There is some discussion and differing opinions from courts regarding whether police officers employed by school districts own police departments, or from outside agencies and assigned as a school’s resource officer, are school officials. If they are, can they observe the same “reasonable suspicion” standard afforded to other school officials when making decisions regarding searches? A recent Washington state court decision regarding this matter, State
v. Meneese, indicates that courts will carefully scrutinize whether an officer’s search is to maintain order and discipline in the school or to find evidence of criminal activity. If it is to find evidence of a crime the “probable cause” standard applies.
In TLO v. New Jersey (TLO are the initials of the juvenile involved in this case), a 1980 case, TLO and another juvenile classmate were caught smoking in a restroom in their high school. The teacher, who caught the girls, took them to the school office. They met with a vice principal there who questioned them about smoking. TLO’s classmate admitted smoking, but TLO claimed that she had not been and that she had never smoked in her life.
Because of her denial, and suspecting that she was lying, the vice principal searched TLO’s purse. Cigarettes were found in TLO’s purse, as was evidence of drug use and distribution. TLO’s mother was called and she drove TLO to the police station.
TLO was charged as a juvenile for the drug possession, but she fought the search claiming that it violated her 4th Amendment rights. The New Jersey Supreme Court agreed with TLO.
However, the US Supreme Court reviewed the case on certiorari, which means a higher court (in this case the US Supreme Court) sends an order to a lower court (in this case the New Jersey Supreme Court) to send the case to them for review.

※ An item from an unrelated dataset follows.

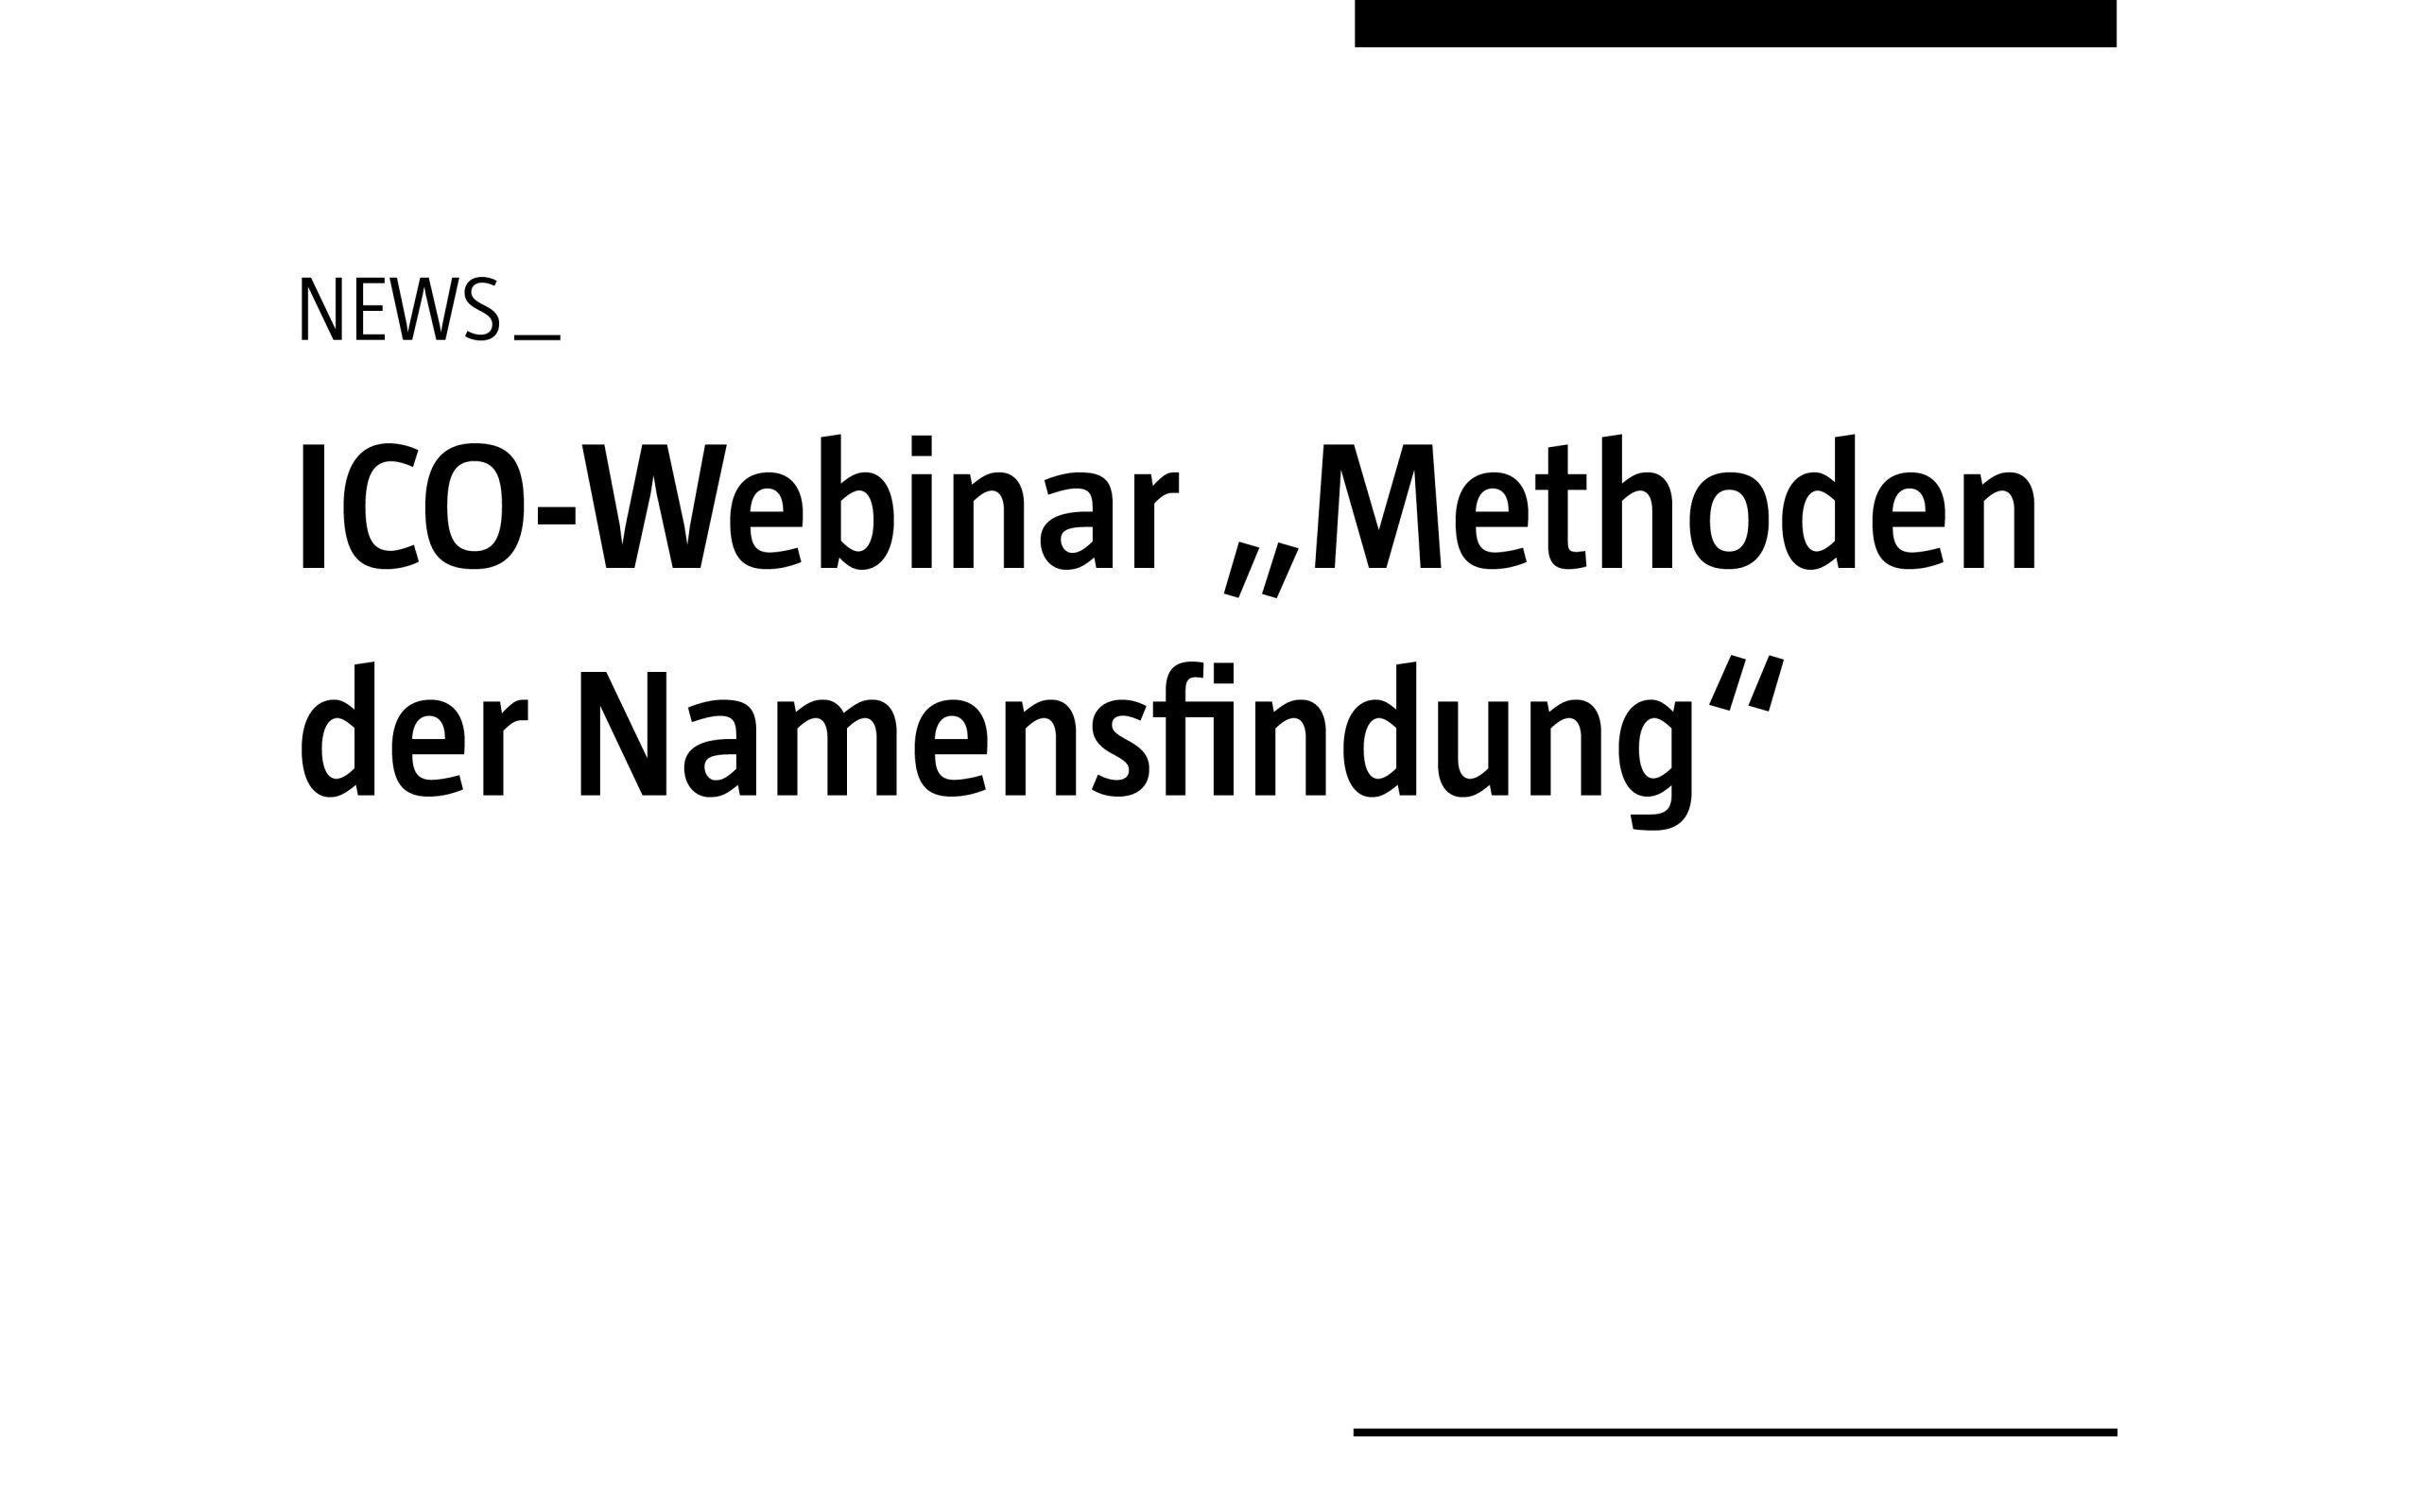 stay golden, naming, namensfindung, webinar, osnabrück, innovationscentrum, wissen

After careful review of the case the US Supreme Court overturned the New Jersey Supreme Court’s ruling and said the search was reasonable and not a violation of TLO’s 4th Amendment rights. They determined that the “reasonable suspicion” search standard, established by the New Jersey school district, balanced a student’s rights and expectation of privacy with the school’s need to maintain order and discipline. The Supreme Court also said that the states “have a duty to provide a safe school environment.